HA uses a local-only database to avoid depending on the database
This database contains a mapping from UUID to the IP host_address for all hosts in an HA cluster / pool. This information should be gathered right before HA is enabled, from the normal database.
When trying to enable HA, the host fetches the coordinator's address from the filesystem. Then it uses the previous mapping and the coordinator address to find the coordinator's UUID. This step fails.

I'm not sure what has actually happening, but some scenarios come to mind:

XO isn't calling the API function Host.preconfigure_ha, which means the local database is not created (unlikely)
The coordinator's address has somehow changed between the local database being written and the HA being enabled

things to check out:

inspect the values that the failing host has about the host_address of the coordinator / master host, both on:
1. the normal database. You can SSH into the failing host and run the following command, replacinf POOL_UUID with the actual uuid, this can be done deleting POOL_UUID , placing the cursor after the = and pressing tab twice.

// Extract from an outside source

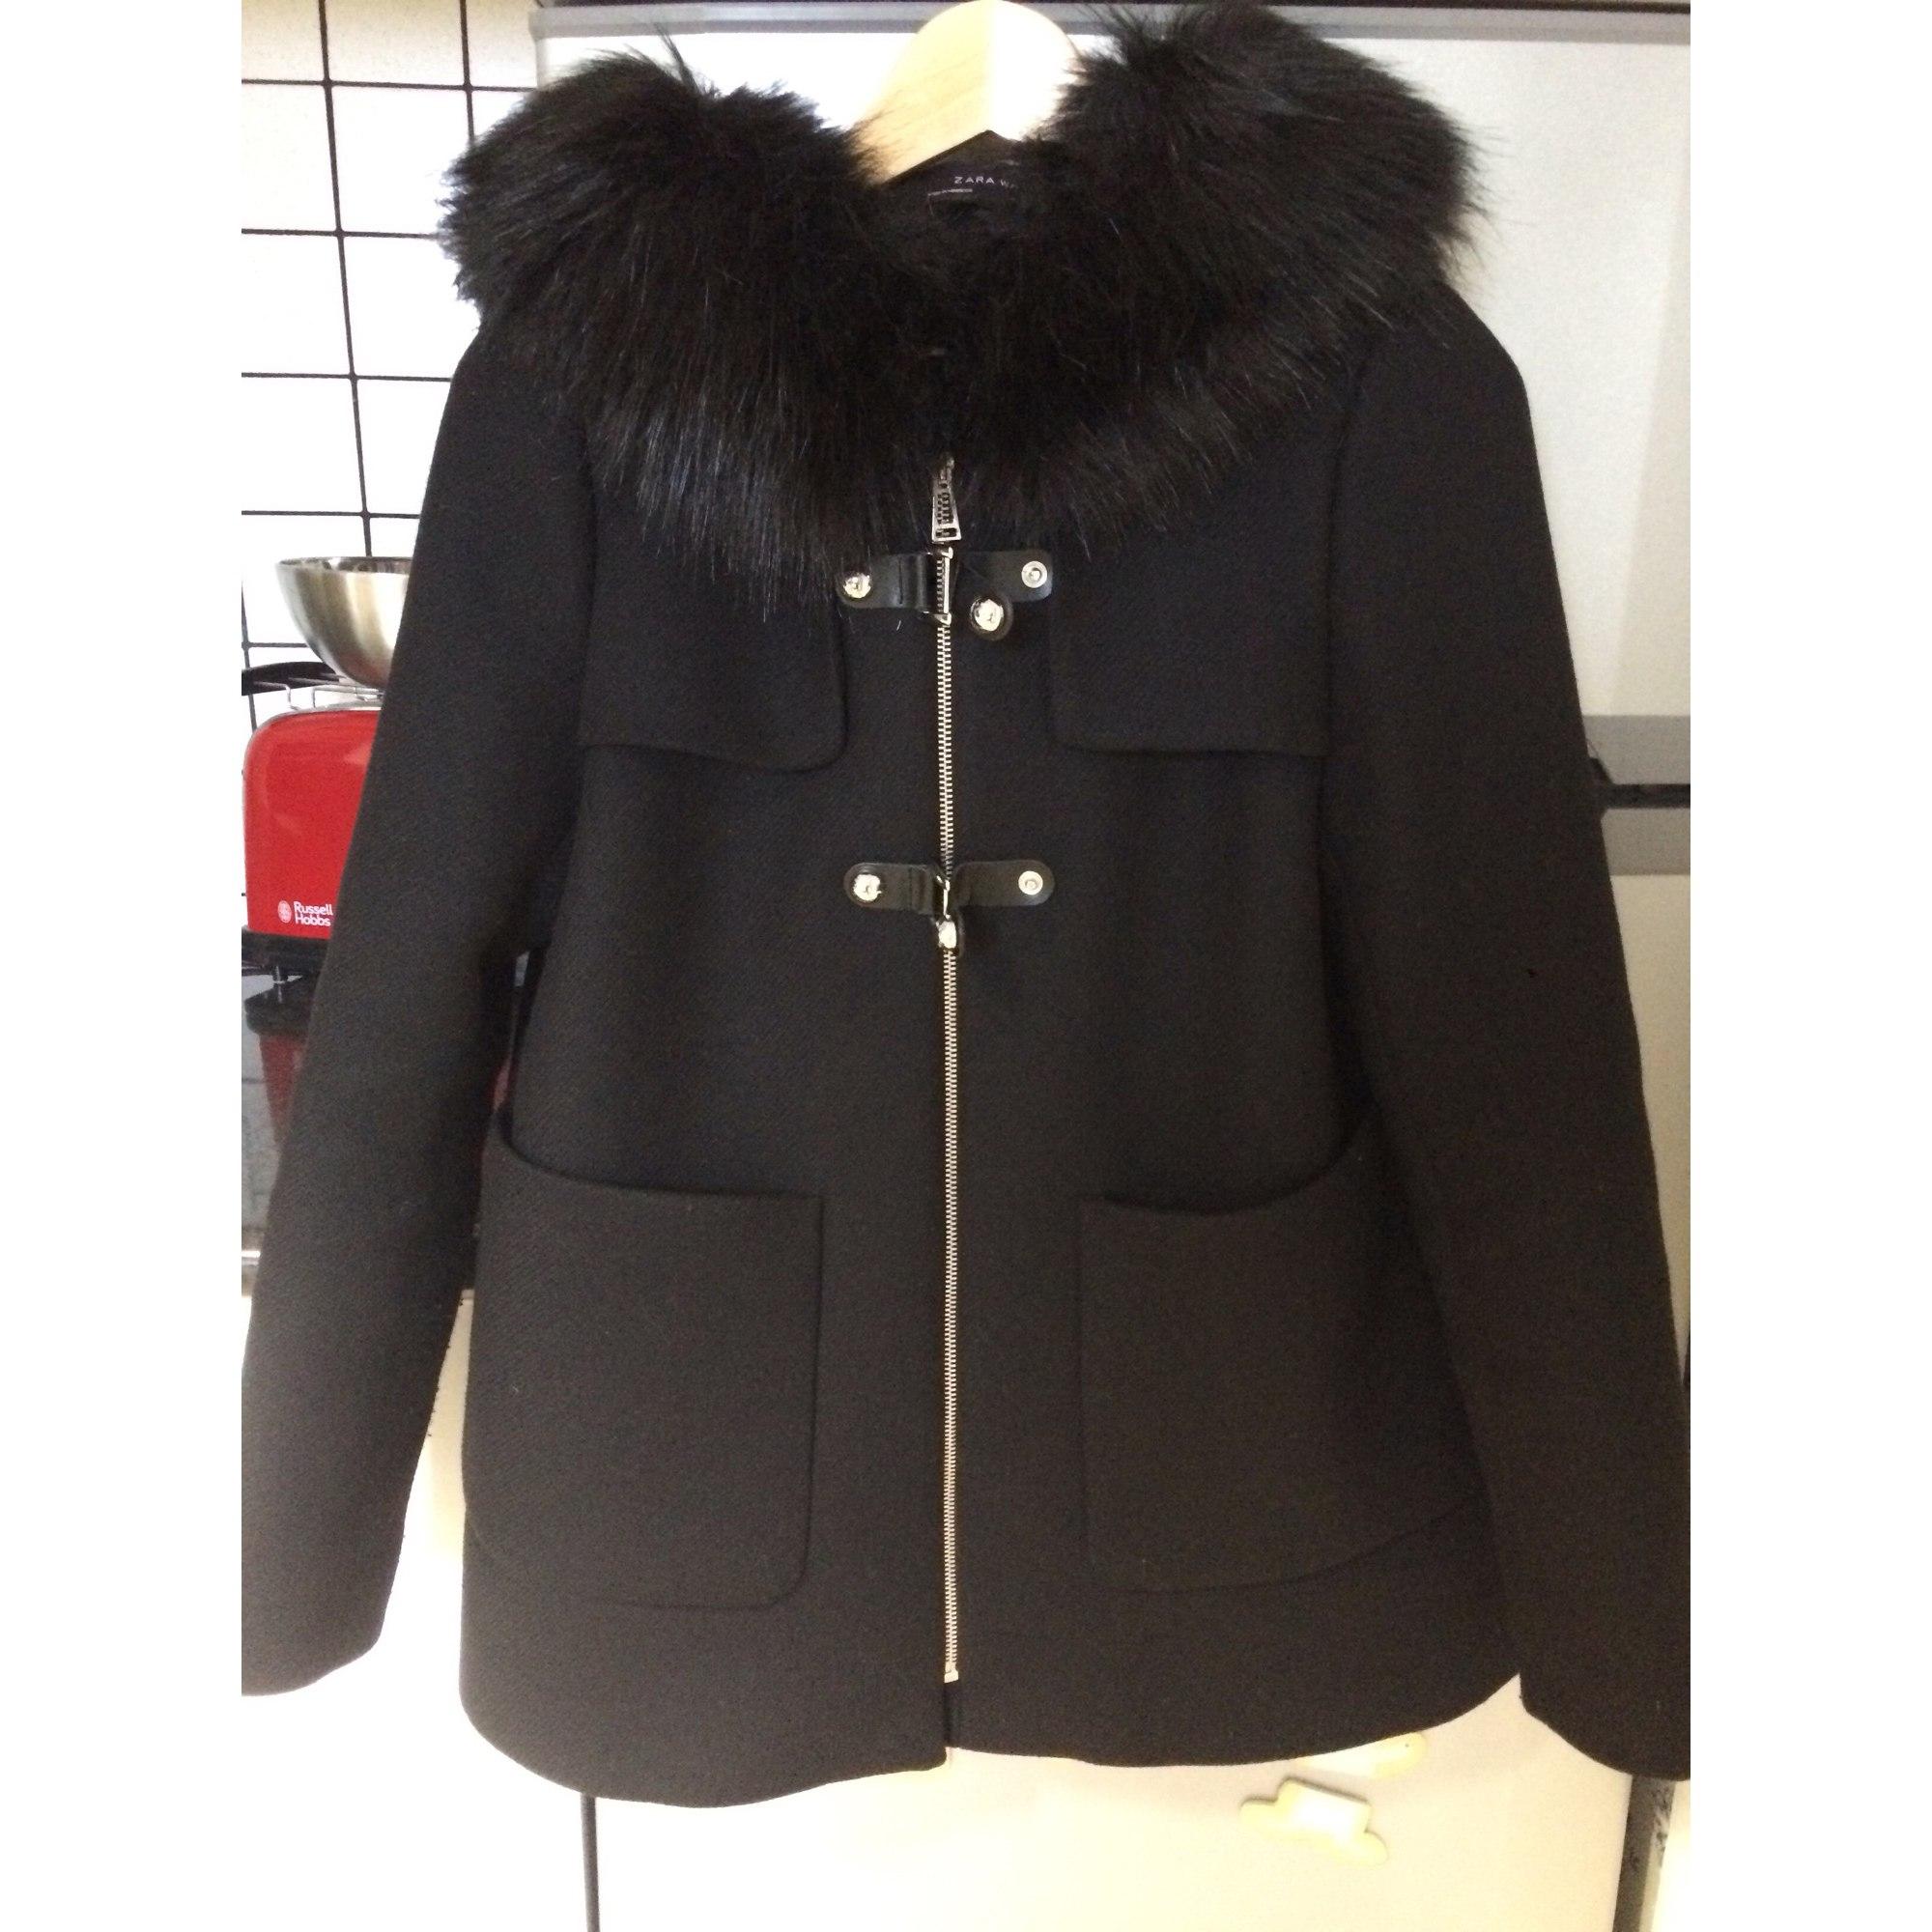 boucle manteau zara manteau zara noir noir manteau boucle reCodxB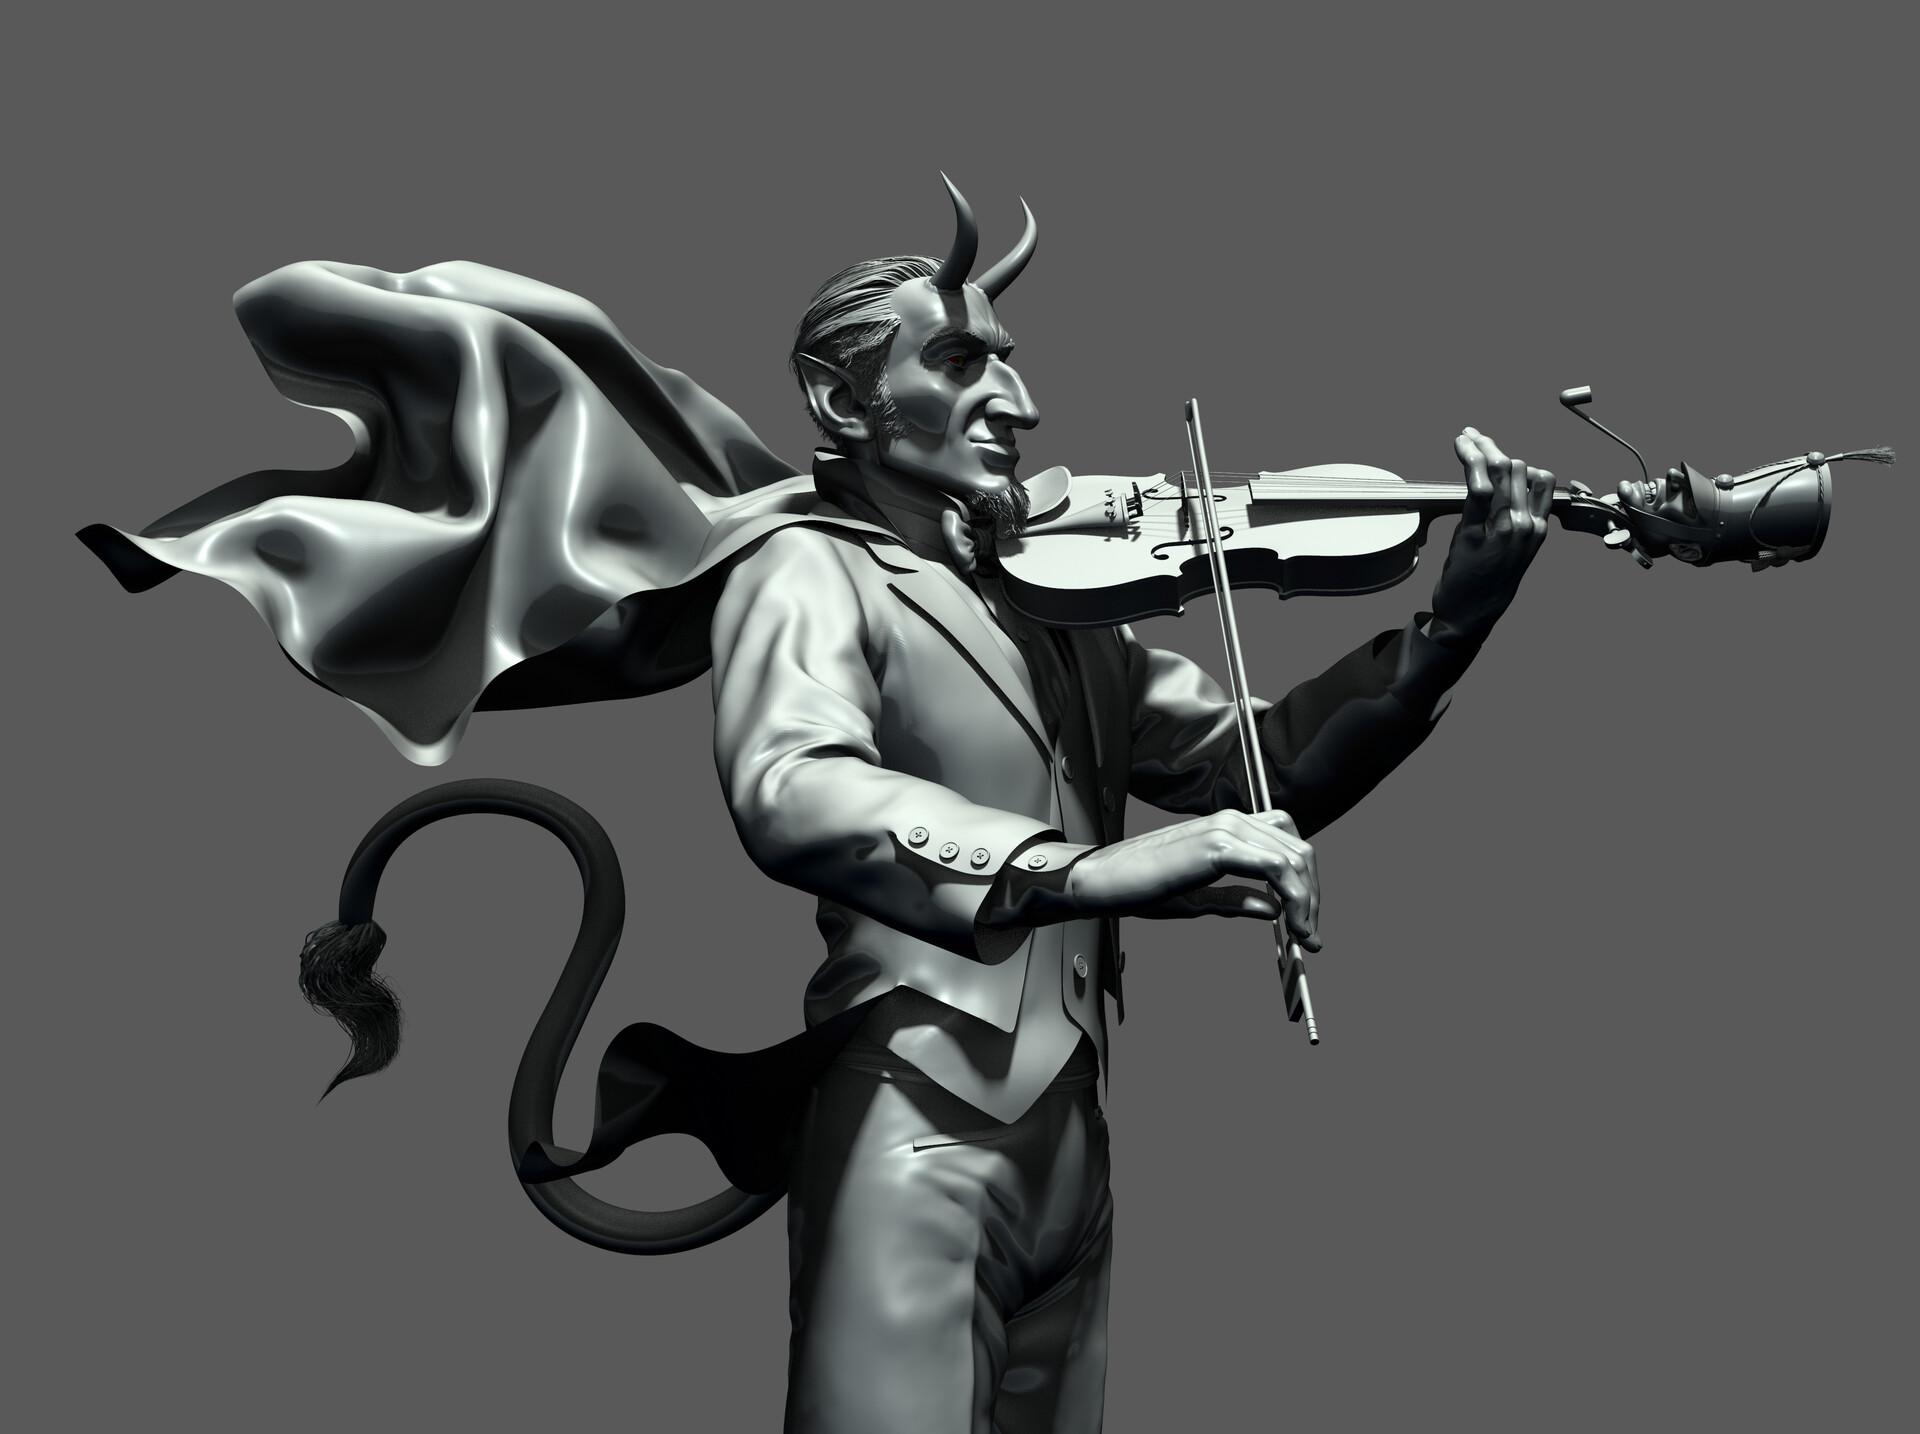 ArtStation - Devil plays on a Soldier-headed violin, István Ábrahám

xe pool-param-get uuid=POOL_UUID param-name=master | xargs -I _ xe host-param-get uuid=_ param-name=address

and the pool role file, similar to the previous command, SSH in the failing host and run

cat /etc/xensource/pool.conf

Let us know how it goes. If the IPs don't match, there's a problem with the configuration of the member, and otherwise it's because the local database is outdated and should be refreshed before enabling HA. I don't know how XO handles it.

olivierlambert

@psafont I'm not sure to follow, I don't remember seeing any documented endpoint related to prepare HA

psafont

@olivierlambert The call is indeed hidden from the docs, and only callable from inside a pool... it's called as part as Pool.enable_ha

olivierlambert

So we probably need to tell XO team the "right way" to enable HA because there's no way to know from "outside"

psafont

@olivierlambert

So we probably need to tell XO team the "right way" to enable HA because there's no way to know from "outside it's not meant to, xapi makes the call automatically.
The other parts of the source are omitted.